Strack: Es war bemerkenswert. Das Los hatte entschieden, dass sich als erste der drei Annegret Kramp-Karrenbauer an die Versammlung wenden sollte. Und sie war bei den einleitenden Worten die einzige, die das Thema Flüchtlinge ansprach und sich da doch überraschend von Angela Merkel und dem bisherigen Kurs distanzierte. Zwar hatte sie auch den Ansatz von Merkel, zu sagen: "Wir dürfen nicht ewig darüber reden", denn - das teilen auch viele Delegierte - dieses Thema könnte die CDU zerreißen, wie das Thema Hartz IV die SPD bis heute beschäftigt und zerreißt. Sie sagte also, wir müssten im Frühjahr dazu kommen, dass wir grundlegend schauen "dass das, was im Herbst 2015 passiert ist, nie wieder so passieren darf." Sie nahm da vielleicht auch den beiden Konkurrenten ein bisschen den Wind aus den Segeln, die aber gar nicht darauf eingingen.
Im Laufe des Abends wurde dann allerdings schon deutlich, dass dieses Grundthema "Sicherheit im Inland" und "Durchsetzung des Rechtsstaats" alle drei tatsächlich beschäftigt. Merz und Spahn waren da deutlicher als die Generalsekretärin. Aber es ist wohl so, dass die Basis da vielleicht noch mehr hören will oder noch mehr erwartete.
Der letzte Fragesteller kam tatsächlich darauf, dass mit der Flüchtlingswelle des Jahres 2015 - es war ja keine Grenzöffnung, sondern lediglich die Erlaubnis, dass Menschen ohne Kontrollen nach Deutschland kommen durften, was vorher ja de facto auch schon gegeben war - doch auch massiv Antisemitismus nach Deutschland gekommen sei.
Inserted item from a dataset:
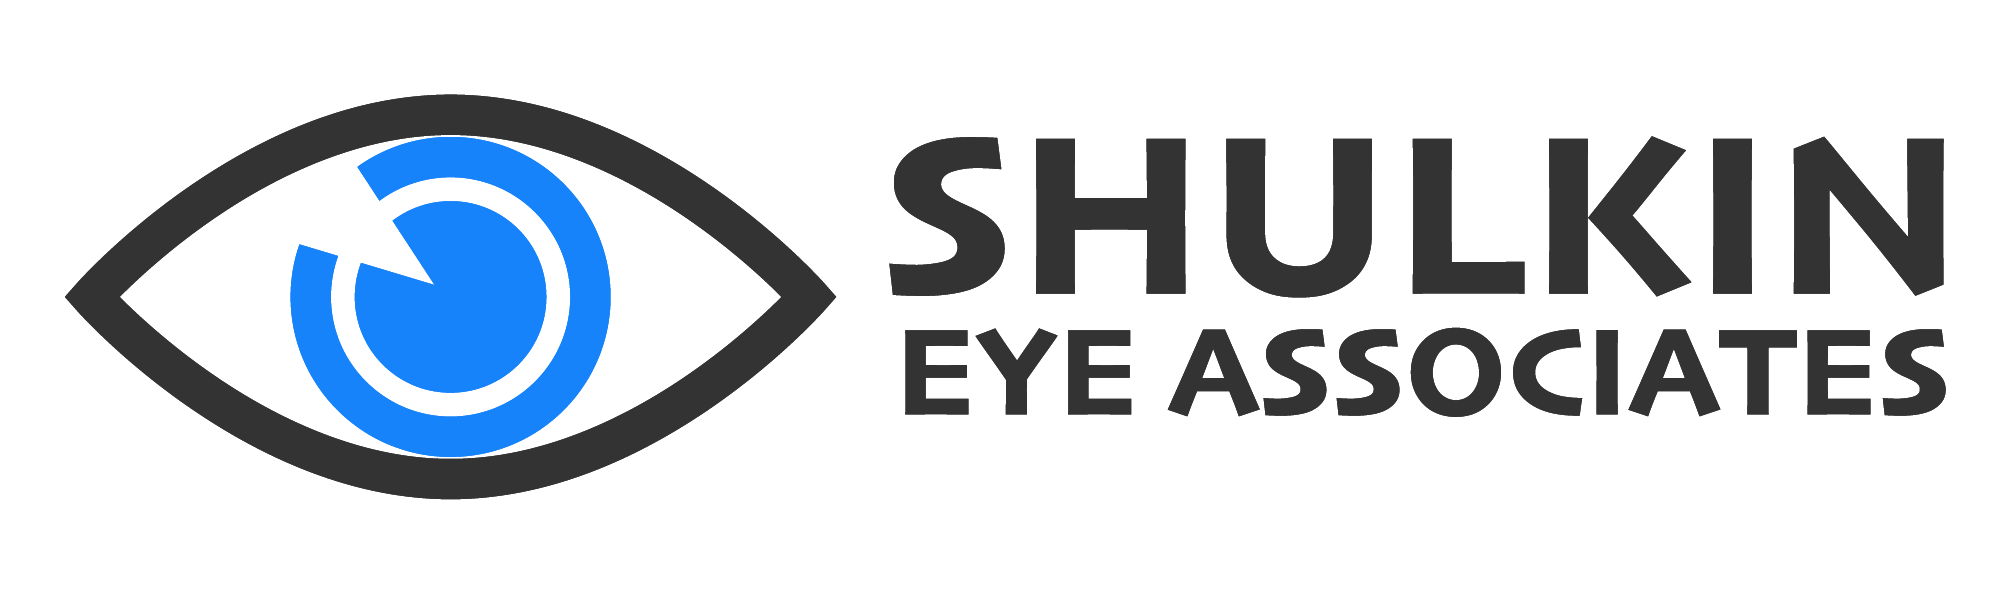 Shulkin Eye Associates Logo

Das haben alle drei Kandidaten zwar nicht relativiert, aber doch eingeordneten. Und gerade Friedrich Merz machte deutlich, dass in Deutschland Antisemitismus ebenso wie Fremdenfeindlichkeit in keiner Weise respektiert werden könne. Er brachte explizit den Bezug darauf, dass Deutschland von seiner Struktur und Geschichte her christlich-jüdisch-abendländisch geprägt sei. Und dass das der Rahmen sei, an dem sich jeder, der in Deutschland leben wolle, halten müsse. Das seien Eckpfosten, an denen nicht zu rütteln sei. Und es sei nun eine Aufgabe der Bildung und aller, die in diesem Bereich tätig seien, diese Werte zu vermitteln und dafür zu sorgen, dass dieser Ansatz Deutschland auch weiterhin prägen solle.
Ganz zum Schluss hat dann Jens Spahn, der das Thema Flüchtlinge während der vergangenen Tage auch mit deutlicher Kritik an Merkel immer wieder angerissen hatte, deutlich gemacht, was das für ihn bedeutet: Ihm sei die Zahl von nun möglichen 200.000 Zuwanderern oder Flüchtlingen, die Jahr für Jahr nach Deutschland kommen dürften, viel zu hoch. Denn das Land werde das nicht verkraften. Er verwies darauf, dass jeder Lebenswandel und jede Lebensform weiterhin in Deutschland möglich sein müsse, ohne, dass Menschen Angst haben müssten - seien es Juden, die Angst vor Antisemitismus hätten oder andere Minderheiten, die sich in Deutschland nicht mehr wohlfühlten. Dafür müsse der Staat Rechnung tragen.
Spahn verwies auch darauf, dass er homosexuell sei und entsprechend auch Erfahrungen habe mit Ausgrenzung oder mit Aggression. Es war also nicht nur eine Frage der inneren Sicherheit, die da angesprochen wurde. Sondern man merkte auch, dass die Frage einer offenen Gesellschaft und die Frage der Tradition bei allen dreien mitklang.
Das Interview führte Renardo Schlegelmilch.